Introduced February 18, 2025 by Mark E. Amodei · Last progress February 18, 2025
The bill expands presumptions to make it substantially easier for many veterans to obtain VA health care and disability benefits for radiation, toxic exposures, and certain tumors, improving access and speeding claims at the cost of higher federal spending, added VA workload, and continued exclusion of some similarly affected veterans.
Veterans who served at specified Nevada Test and Training Range (NTTR) and related locations during the covered 1972–2005 periods will receive presumptions for radiation and toxic exposures, making it easier for them to access VA health care and disability compensation without proving specific exposure.
Veterans covered under 38 U.S.C. §1119(c)(1)(A) will have lipomas and tumor-related conditions presumed service-connected, making those conditions eligible for VA disability benefits without proving causation.

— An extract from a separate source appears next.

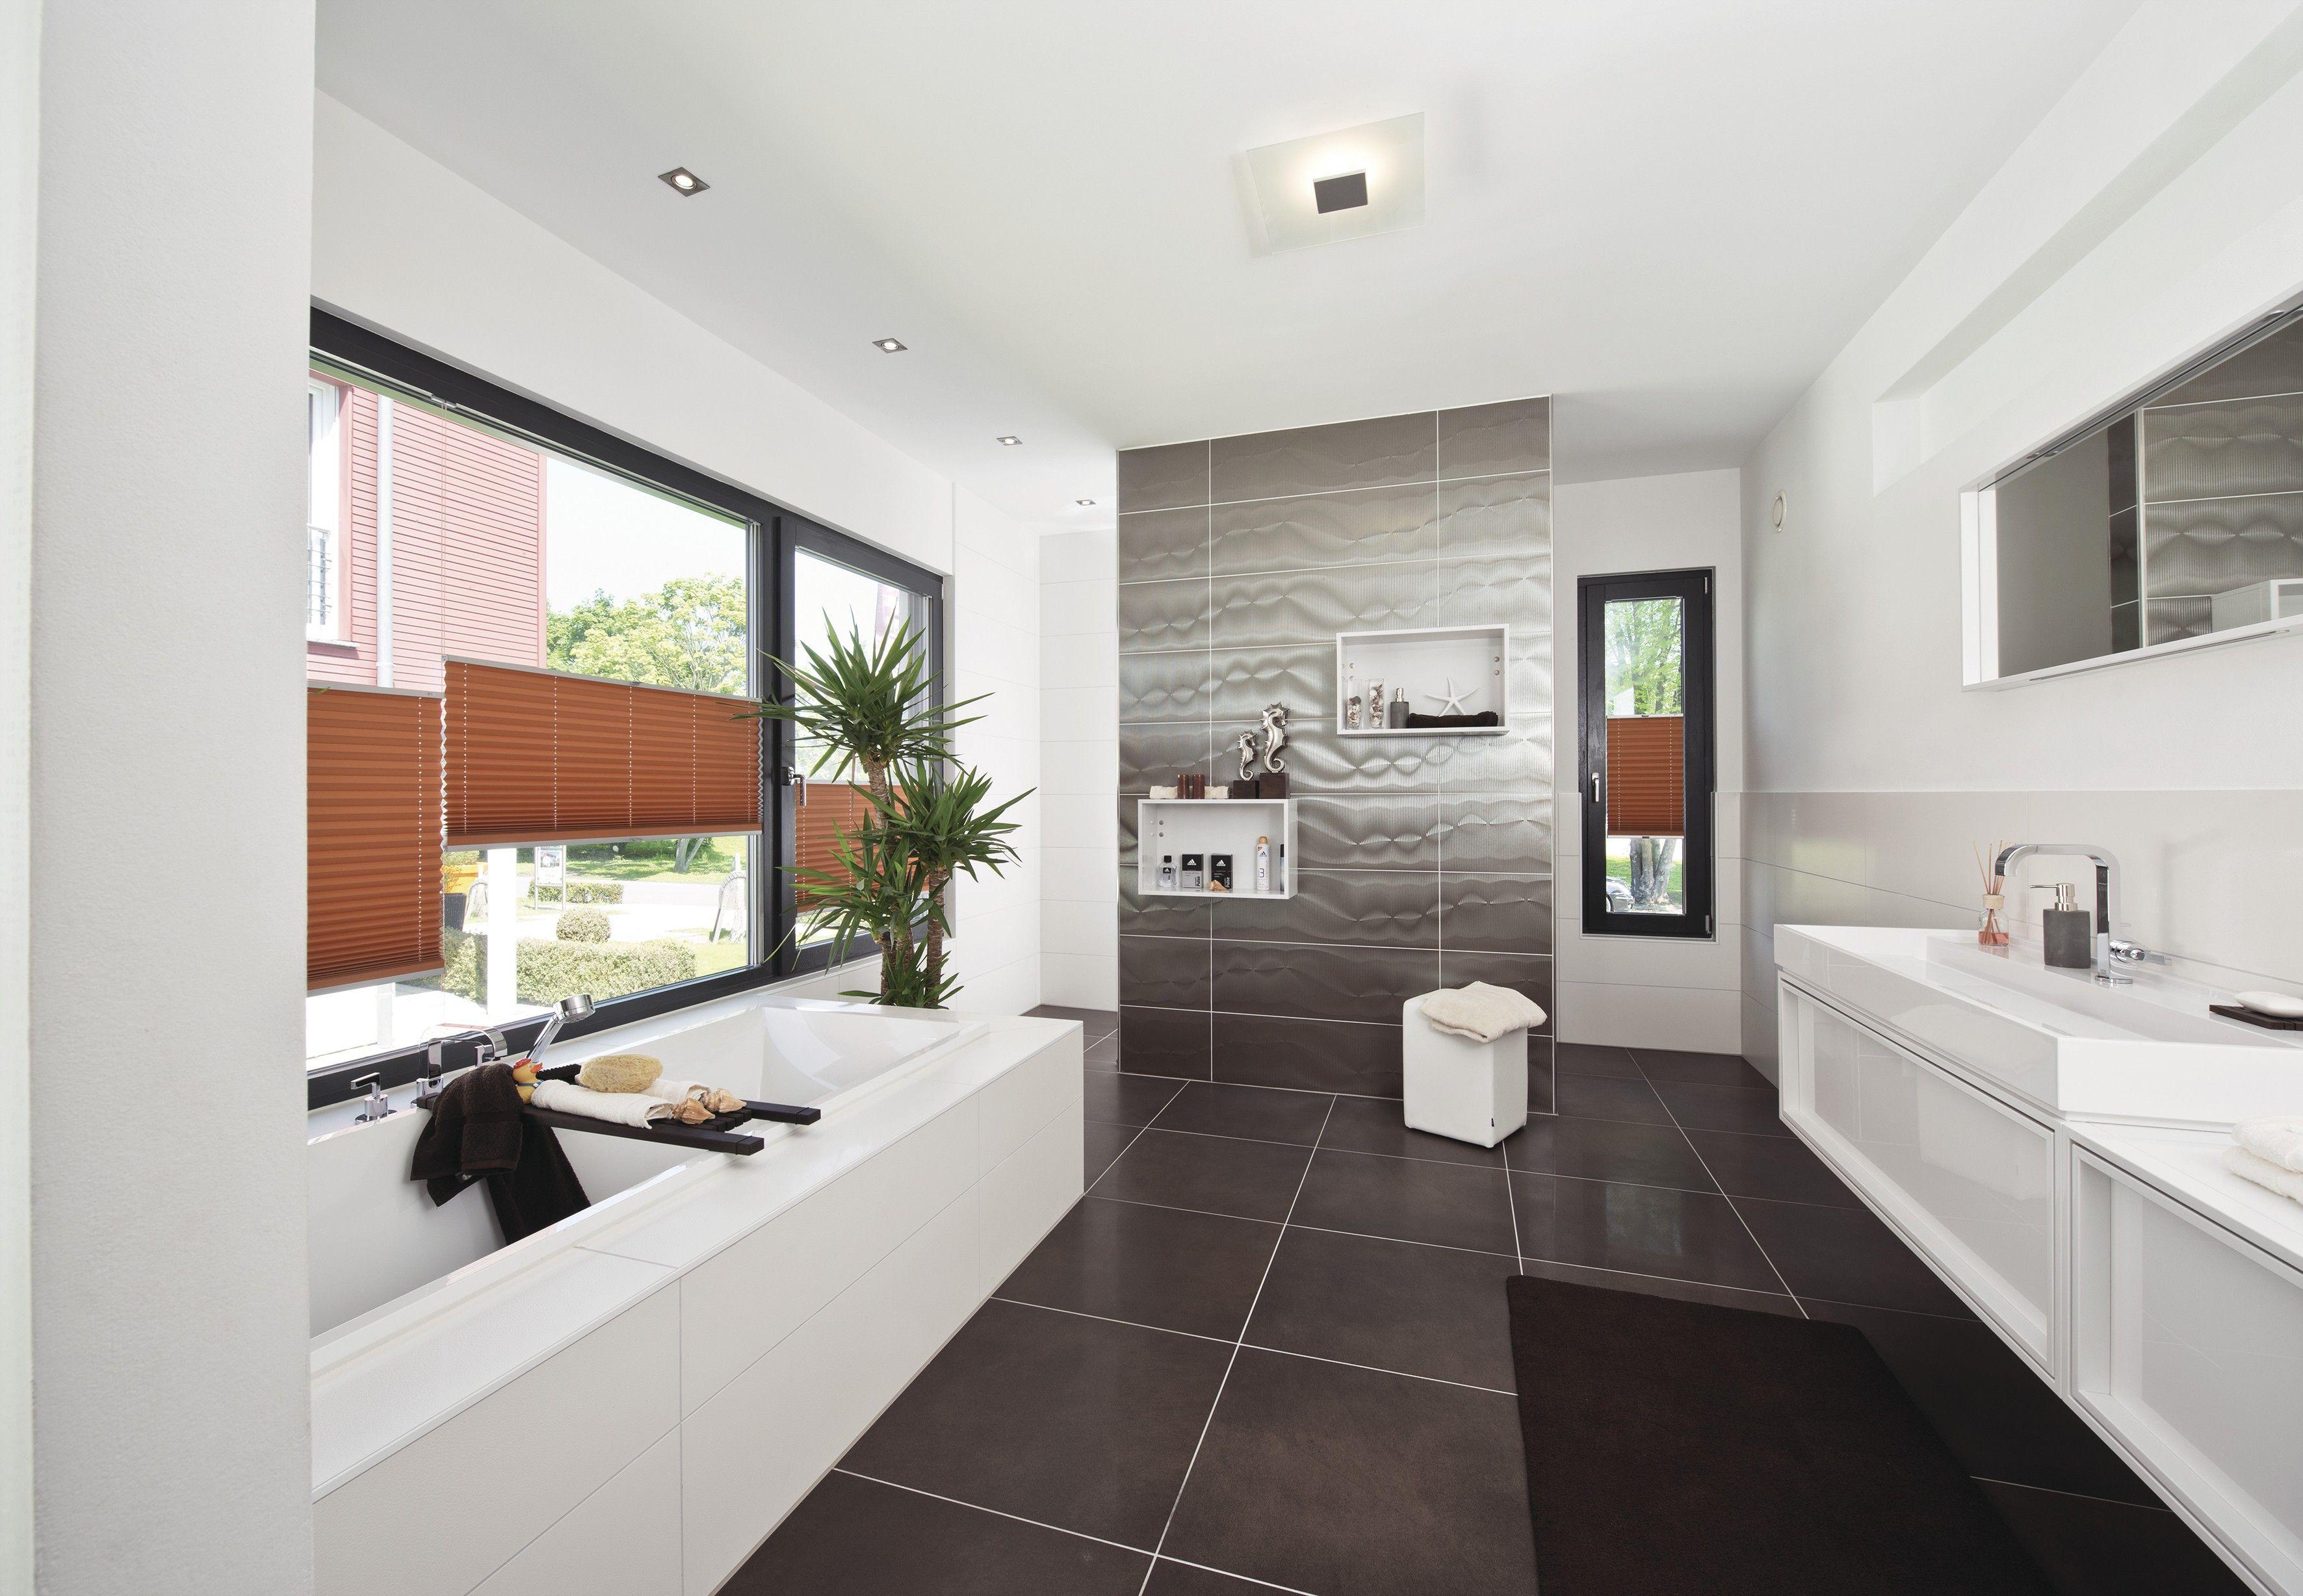 Wohnzimmer Inspiration aus einem Haus von WeberHaus Alle
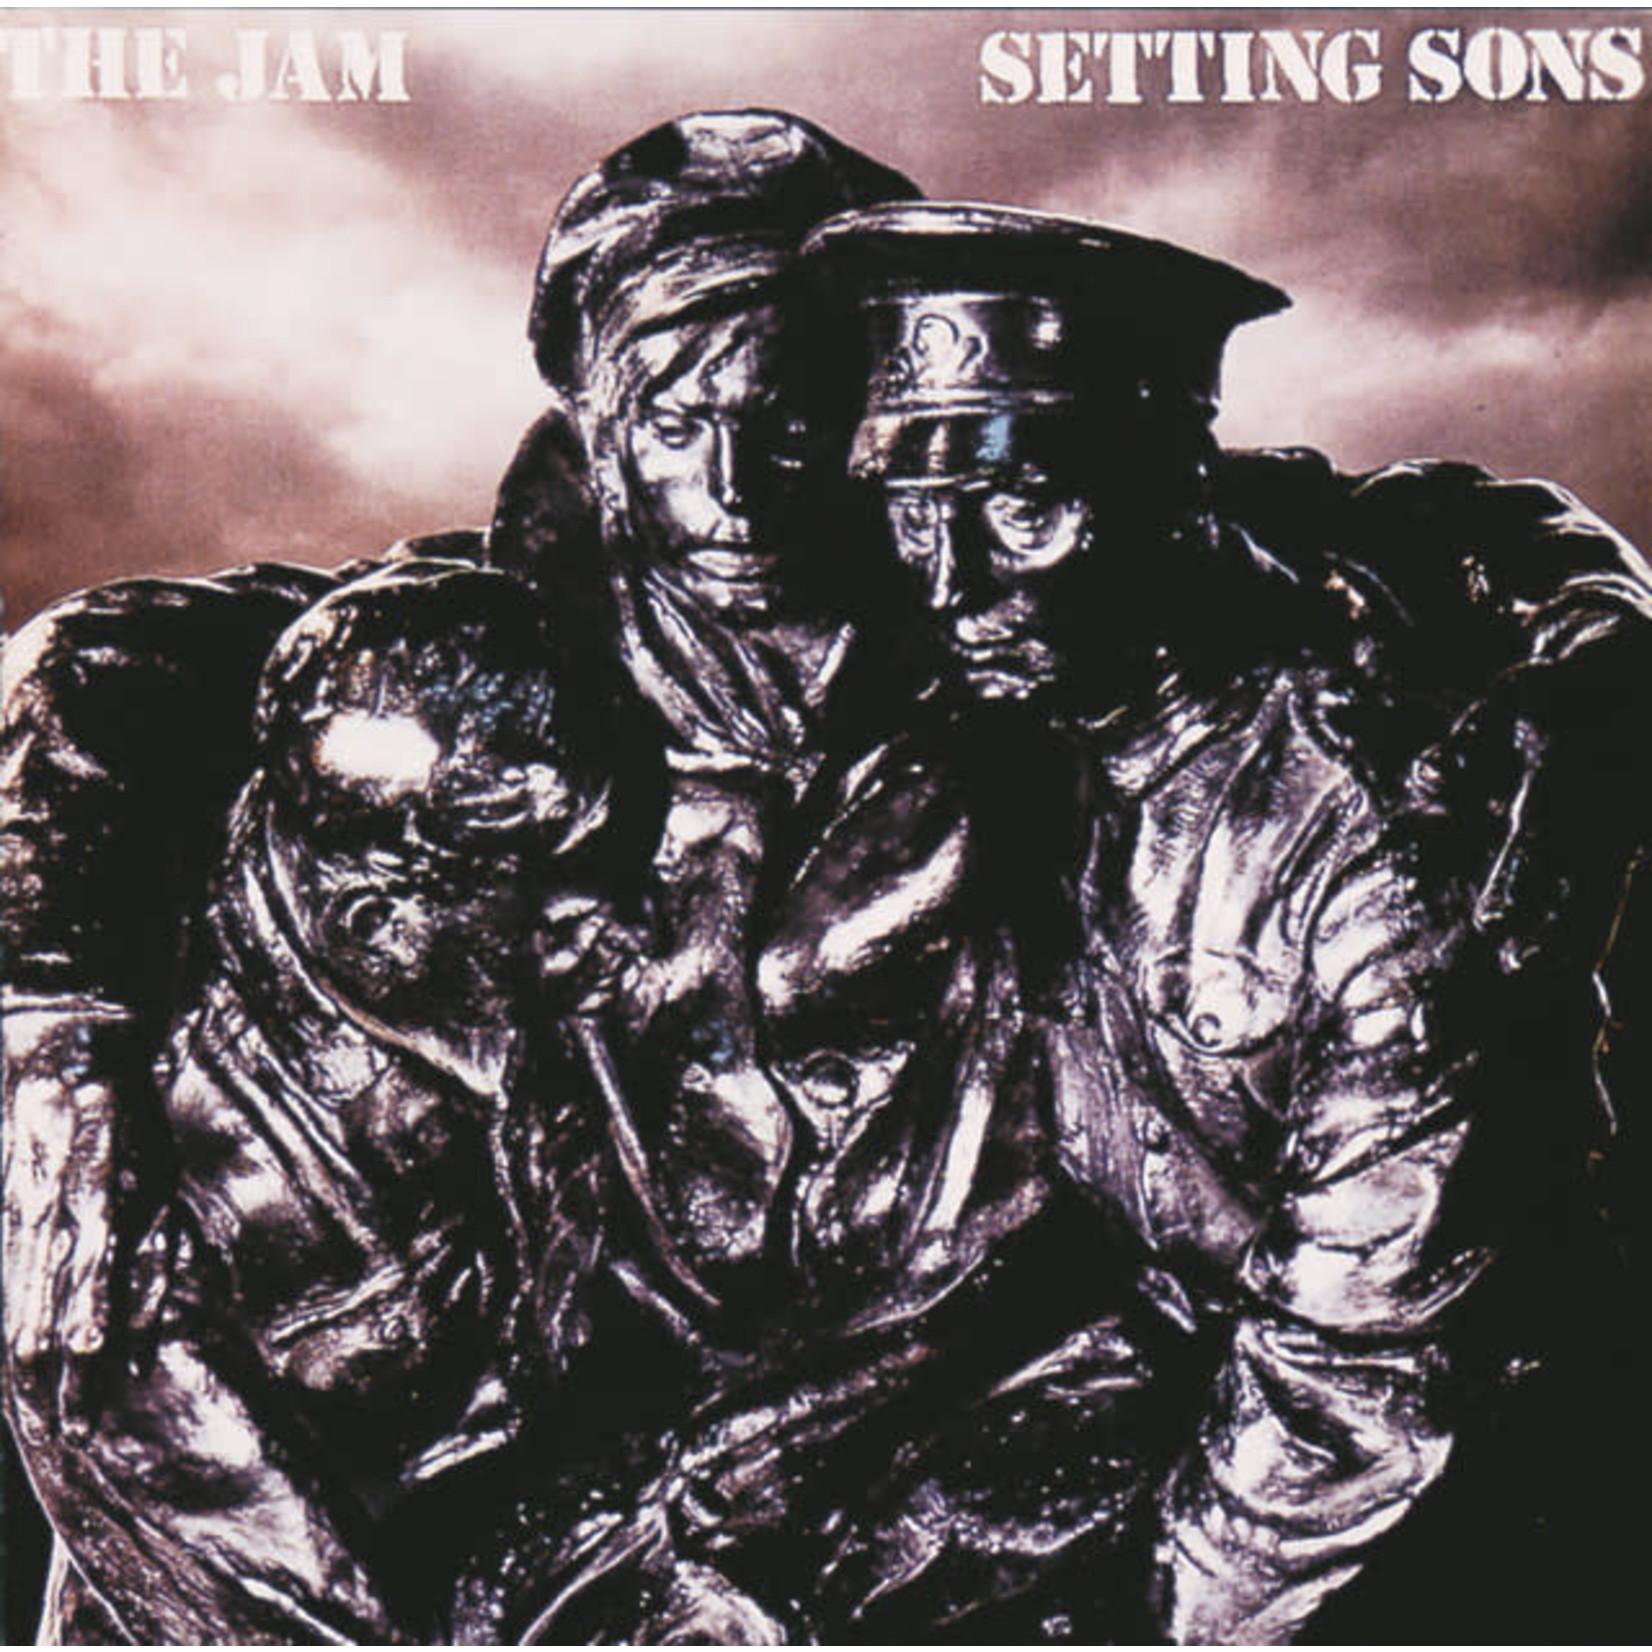 Vinyl The Jam - Setting Sons

The bill reduces evidentiary burdens and clarifies covered locations and timeframes, which should speed claims adjudication and reduce disputes and paperwork for affected veterans and the VA.
Expanding presumptions will increase VA disability and health-care payouts, raising federal spending and potential costs to taxpayers.
Some veterans who served at nearby or excluded installations (notably Nellis AFB and Creech AFB) or who fall outside the statutory descriptions will remain ineligible for the presumptions, creating perceived or real inequities and likely prompting appeals or additional claims.
VA will likely face increased administrative workload to process a surge of presumptive claims and to verify service eligibility, requiring additional resources, staffing, or reallocation of existing VA capacity.
Based on analysis of 3 sections of legislative text.
Creates VA presumptions of radiation/toxic exposure for service at specified NTTR locations (1972–2005) and presumes lipomas and tumor-related conditions service-connected for covered veterans.
Treats certain onsite work and service at locations within the Nevada Test and Training Range (NTTR) between January 1, 1972 and January 1, 2005 as radiation-risk or toxic-exposure events, creating presumptions that make it easier for affected veterans to obtain VA disability benefits. It defines which NTTR locations are covered (including Indian Springs Auxiliary Airfield) and explicitly excludes Nellis Air Force Base and Creech Air Force Base. The bill also adds a presumption that lipomas and tumor-related conditions are service-connected for veterans covered by the new NTTR exposure presumption.